2022-04-05:12:06:17,79 INFO     [datastore_client.py:991] <azureml.core.authentication.ServicePrincipalAuthentication object at 0x7f96dc02a3a0>


Starting experiment: diabetes-training
Loading data lake gen2 data in a pandas dataframe...




Training a decision tree model
Accuracy: 0.8953333333333333
AUC: 0.8823424050947809


### Option 2: Script method

Create training script

In [43]:
# Create a local folder for the experiment files
folder_name = 'diabetes_service'
experiment_folder = './' + folder_name
os.makedirs(folder_name, exist_ok=True)
print(folder_name, 'folder created')

diabetes_service folder created


In [44]:
%%writefile $experiment_folder/diabetes_training.py
# Import libraries
import argparse
from azureml.core import Workspace, Dataset, Experiment, Run
import pandas as pd
import numpy as np
import joblib
from sklearn.model_selection import train_test_split
from sklearn.linear_model import LogisticRegression
from sklearn.metrics import roc_auc_score
from sklearn.metrics import roc_curve
import glob
print("libraries imported...")

# Set regularization hyperparameter (passed as an argument to the script)
parser = argparse.ArgumentParser()
parser.add_argument('--regularization', type=float, dest='reg_rate', default=0.01, help='regularization rate')
args = parser.parse_args()
reg = args.reg_rate
print("argparse parameters loaded...")

# Get the experiment run context
run = Run.get_context()
print("run context loaded...")

# load the diabetes dataset (File method)
# Get the training data from the estimator input identified as 'diabetes'
mount = run.input_datasets['diabetes'] # read-only mount from delta lake as '/mnt/data'
print("delta lake mounted...")
diabetes = pd.read_parquet('/mnt/data/diabetes.parquet') # load any file(s) from this delta lake mounted folder
print("dataset loaded...")

# save data into workspace
diabetes.to_csv("outputs/dataset.csv", index=False) # {logs/  outputs/}
print("test: write dataset to workspace 'outputs/dataset.csv'")
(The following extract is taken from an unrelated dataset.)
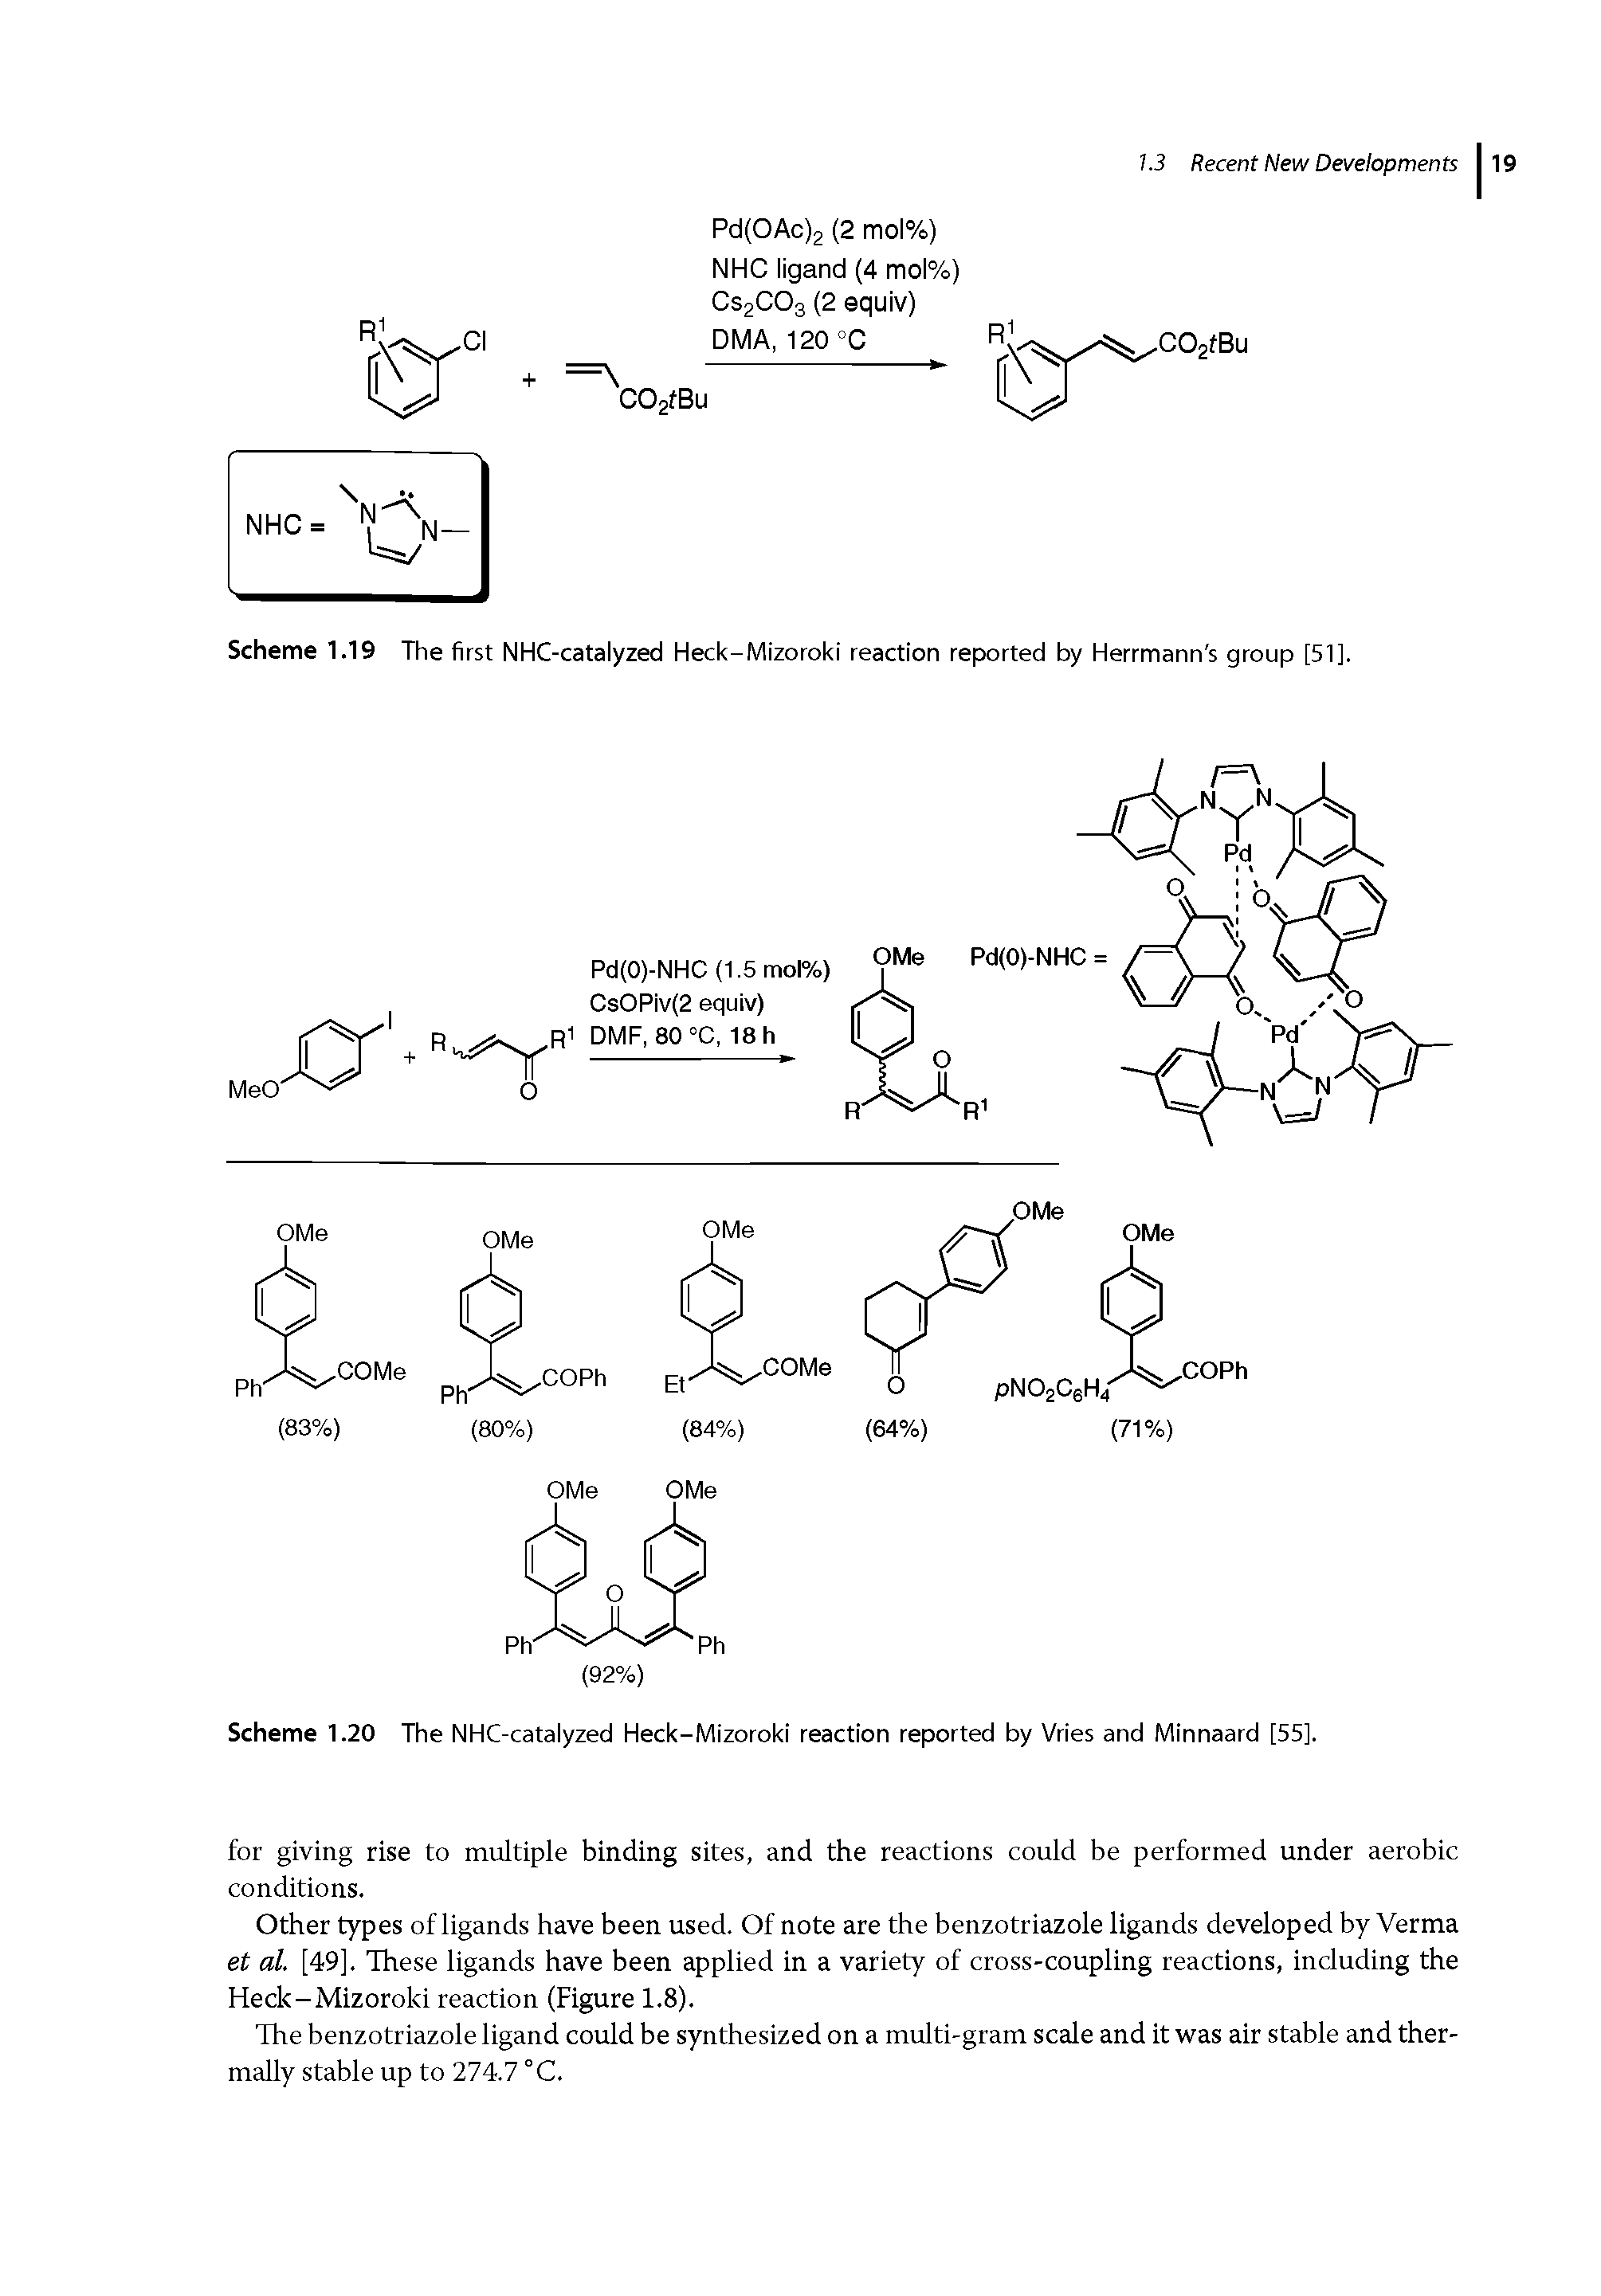 Scheme 1.19 The first NHC-catalyzed Heck-Mizoroki reaction reported by Herrmann s group [51].

# Separate features and labels
X, y = diabetes[['Pregnancies','PlasmaGlucose','DiastolicBloodPressure','TricepsThickness','SerumInsulin','BMI','DiabetesPedigree','Age']].values, diabetes['Diabetic'].values

# Split data into training set and test set
X_train, X_test, y_train, y_test = train_test_split(X, y, test_size=0.30, random_state=0)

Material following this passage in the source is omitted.